→ **What you need to do**: Where the line holding "White Crochet Cover Up Beach Dress" appears, start copying, and continue exactly through the last line of the listing, skipping pictures.

→ **Information shown**:

▼

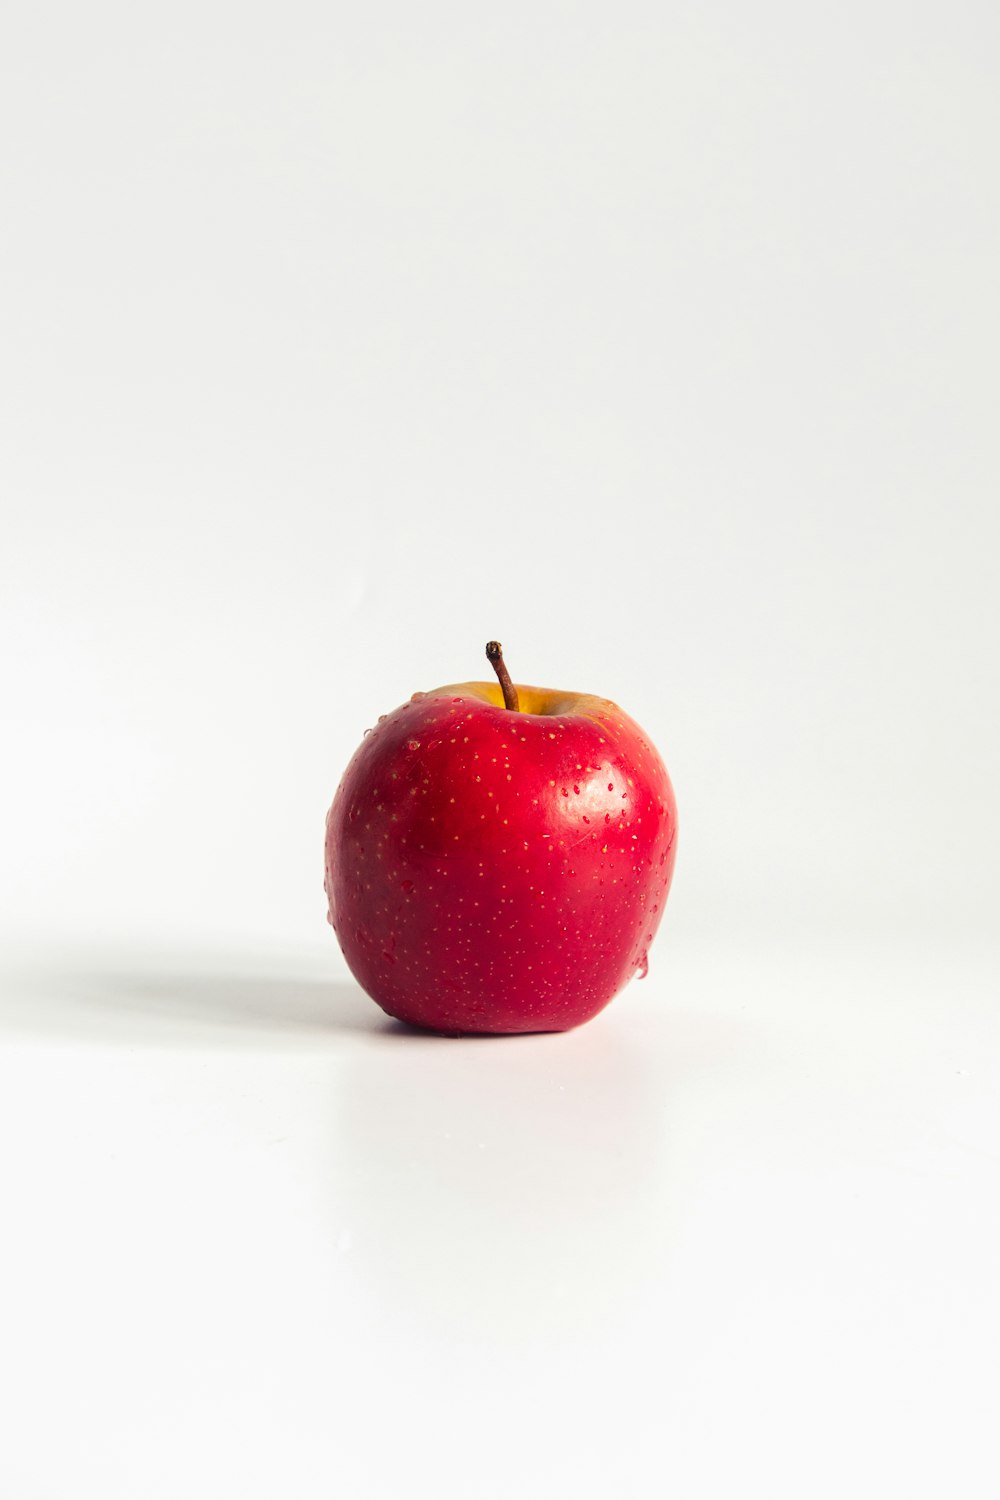 maçã vermelha na superfície branca
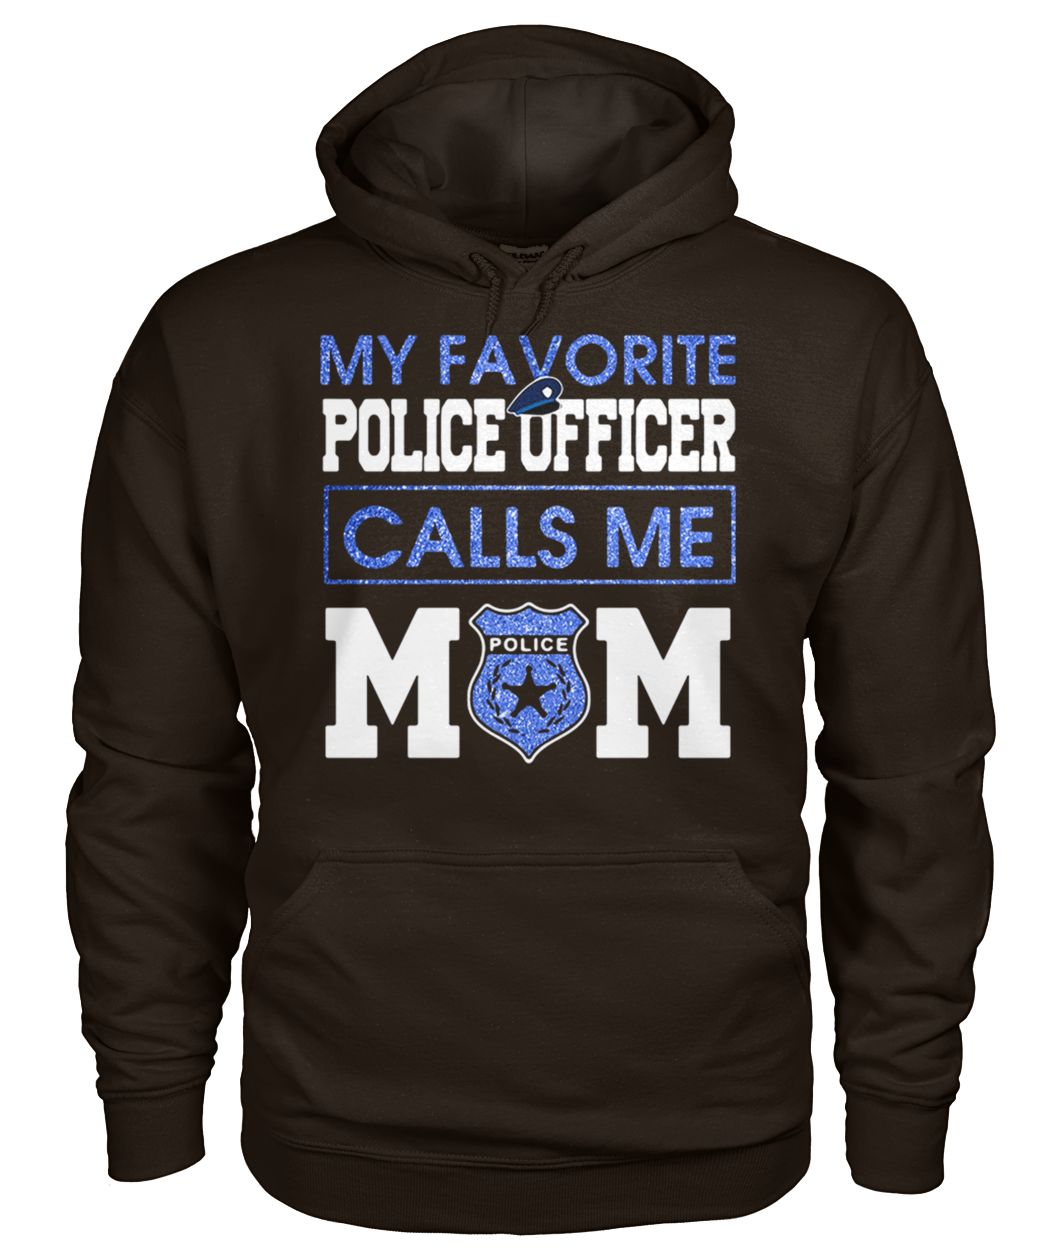 My favorite police officer calls me mom gildan hoodie
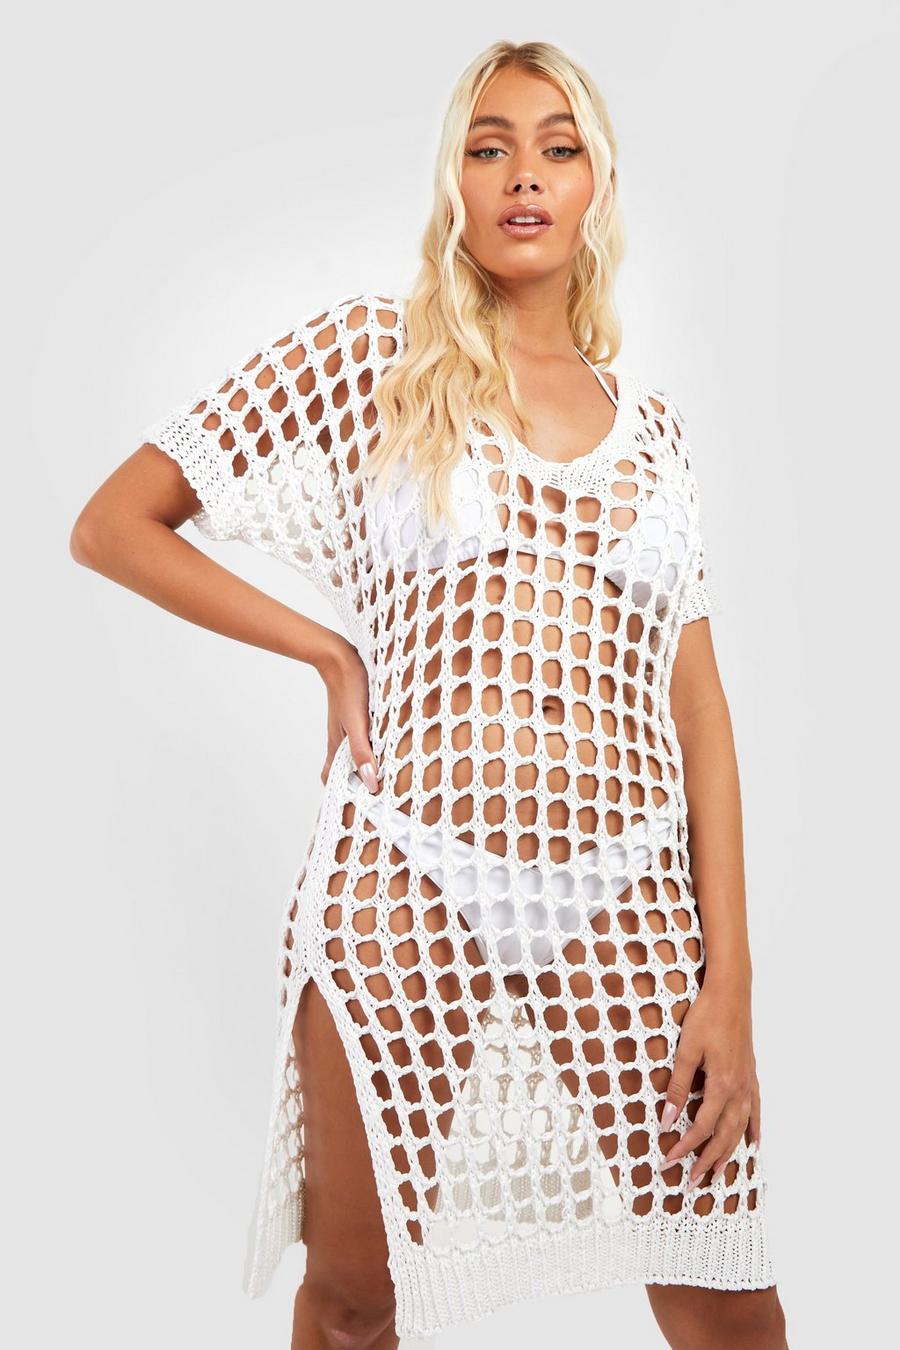 White Crochet Cover Up Beach Dress
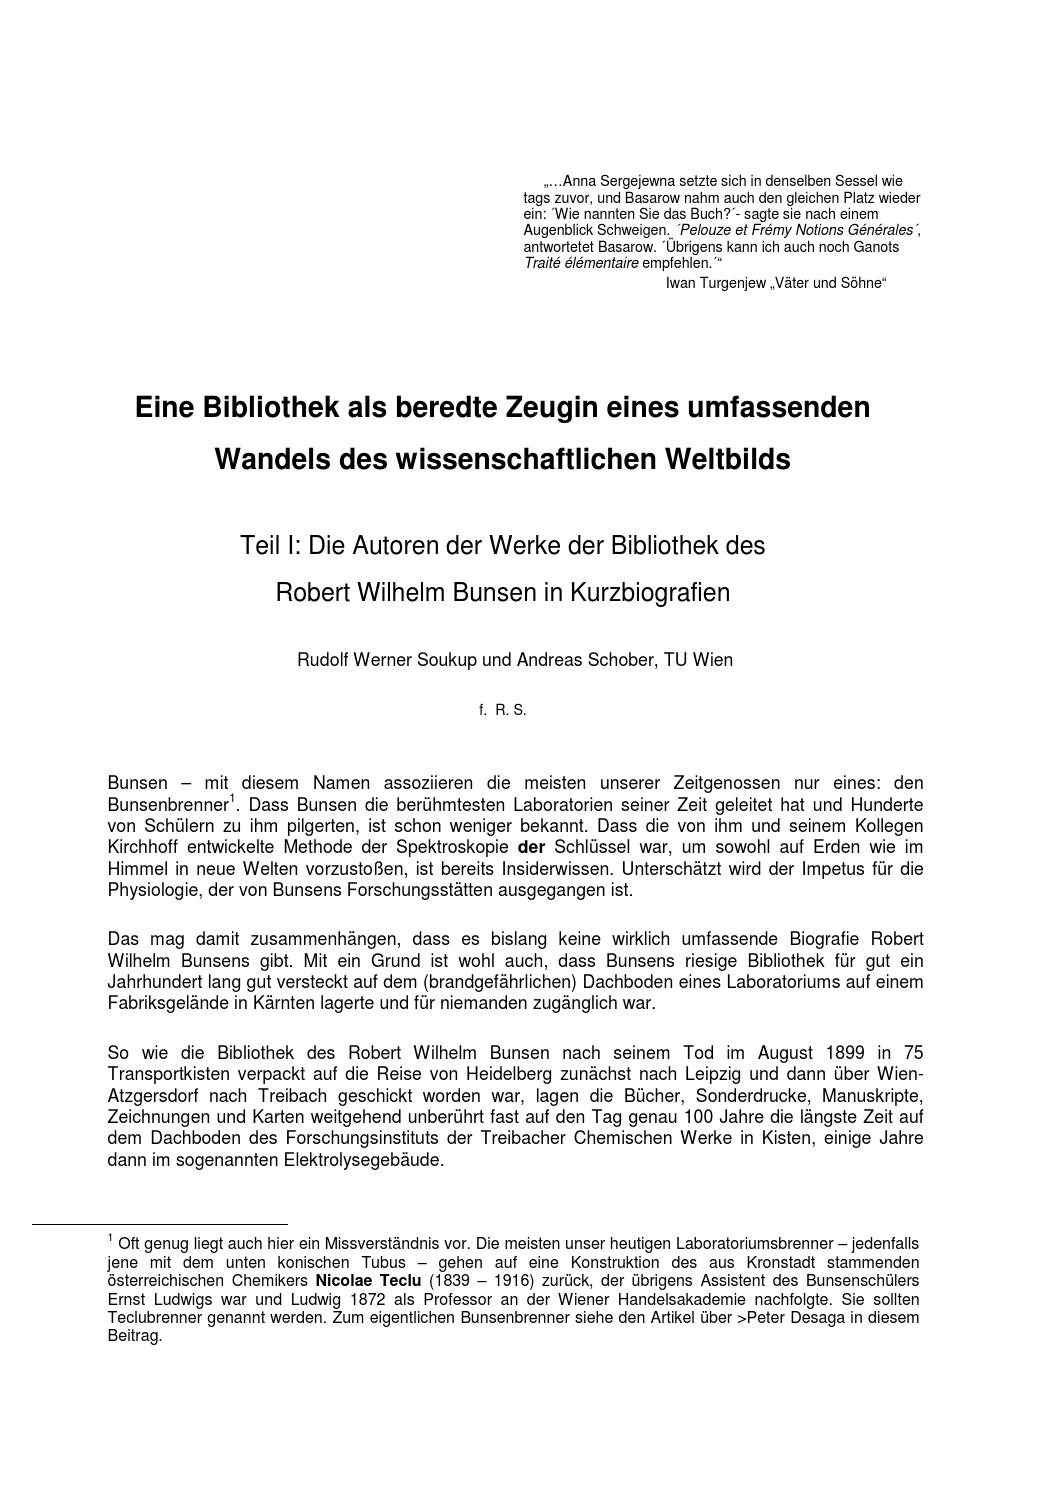 Mein Schöner Garten Zeitschrift Genial Autoren Der Bunsenbibliothek Teil 1 by Auer Von Welsbach

▲

→ **Solution to this exercise**:
 White Crochet Cover Up Beach Dress
 Mein Schöner Garten Zeitschrift Genial Autoren Der Bunsenbibliothek Teil 1 by Auer Von Welsbach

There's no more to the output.